18. As we deal with this question, it is necessary to appreciate the fundamental fact that the issue in LG’s case (supra) before the Special Bench was materially different from the issue in the case before us inasmuch as LG’s case dealt with advertisement, marketing and promotion (AMP) expenses incurred by the assessee, which were in excess of similar expenses incurred by the com parables, and an inference was thus drawn that these excessive expenses were incurred for the benefit of the AE which was legal owner of the brand. That was a case in which the special bench had specifically noted that under Article 20 (Advertising, Marketing and Sales Promotion) of the agreement that the assessee company had with its AE, it was provided that “The licensee agrees to provide and make arrangements for advertising, marketing and sales promotion in the licensed territory for LG Products manufactured by the Licensor and those by the Licensee at their cost” and, on this basis, the special bench concluded as follows:

From the above Article it can be seen that it is the assessee who agreed to make arrangements for advertising, marketing and sale promotion in India for the LG products manufactured by it as well as LGK. The cost of such advertising, marketing and sale promotion in India was also agreed to be exclusively borne by the assessee. It is not only the products manufactured by LGI for which the assessee has undertaken to incur AMP expenses but even for the products manufactured by LGK as well. When we view this Article, it is found that although there are sufficient hints but it falls short of decisively saying that there exists an express agreement for incurring of the AMP expenses in India by the assessee for creating marketing intangibles for and on behalf of the foreign AE.

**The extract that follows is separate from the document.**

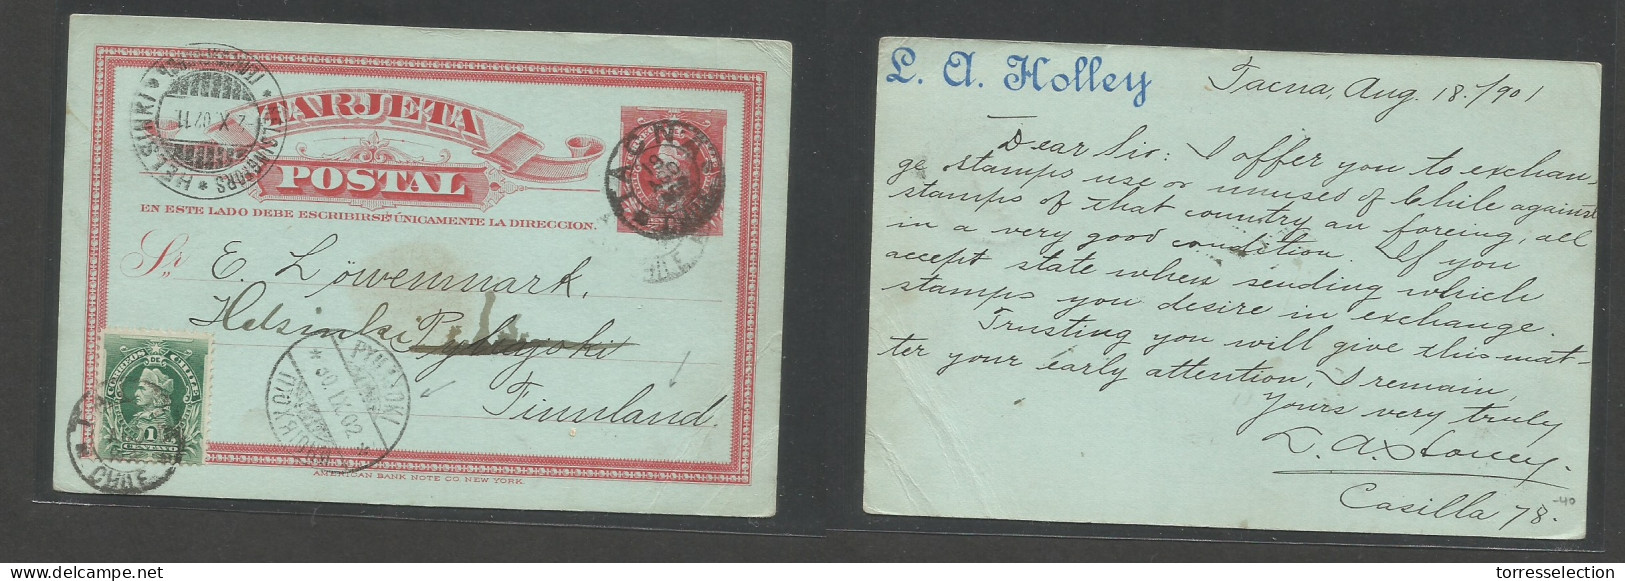 CHILE - Stationery. 1901 (18 Aug) Tacna - Finland, Pyliajoki (30 Sept) 2c Red Colon Stat Ard + 1c Green Adtl, Tied Cds.  - Cile

13. Ex consequenti we hold that there is a `transaction’ between the assessee and the foreign AE for the promotion of brand LG in India, which is legally owned by the latter.

[Emphasis, by underlining, supplied by us]

19. The Special Bench then took note of Honourable Delhi High Court decision in the case of Maruti Suzuki India Ltd Vs ADIT [(2010) 328 ITR 510 (Del)], wherein, according to the special bench, it was held that “if the AMP expenses are incurred by a domestic entity which is an associated enterprise of foreign entity, then there is a requirement on the part of the foreign entity to compensate the domestic entity in respect of the advantage obtained by it in the form of brand building to the extent the expenses are more than what a similarly placed comparable independent domestic entity would have incurred”. The Special Bench then also observed that this decision still holds good in law as it has not been “overruled, either impliedly or expressly”. It was on the basis of this analysis that the Special Bench concluded, to quote its own words of majority view, “the contention of the ld. AR that the judgement of the Honourable jurisdictional High Court has been reversed, is jettisoned.” What follows thus is that unless the expenses incurred by the assessee on its AMP are excessive vis-à-vis what similarly placed com parables would have incurred, according to the special bench, then, to that extent, the foreign AE had an obligation to compensate the assessee company for the AMP expenses.

20. In sharp contrast to this position in LG’s case, in the present case, it is an undisputed position that “the percentage of AMP expenses as a proportion of net sales is not an unreasonable high figure” and that “the arguments of the assessee that there is no excess over and above a market benchmark average in this financial year is accepted”. There were some reservations on the data submitted by the assessee in the assessment year 2009-10 for want of complete information, but then in the subsequent two assessment years, i.e. 2010-11 and 2011-12, the TPO has, upon examining requisite details, accepted the submission based on the same data on the same com parables.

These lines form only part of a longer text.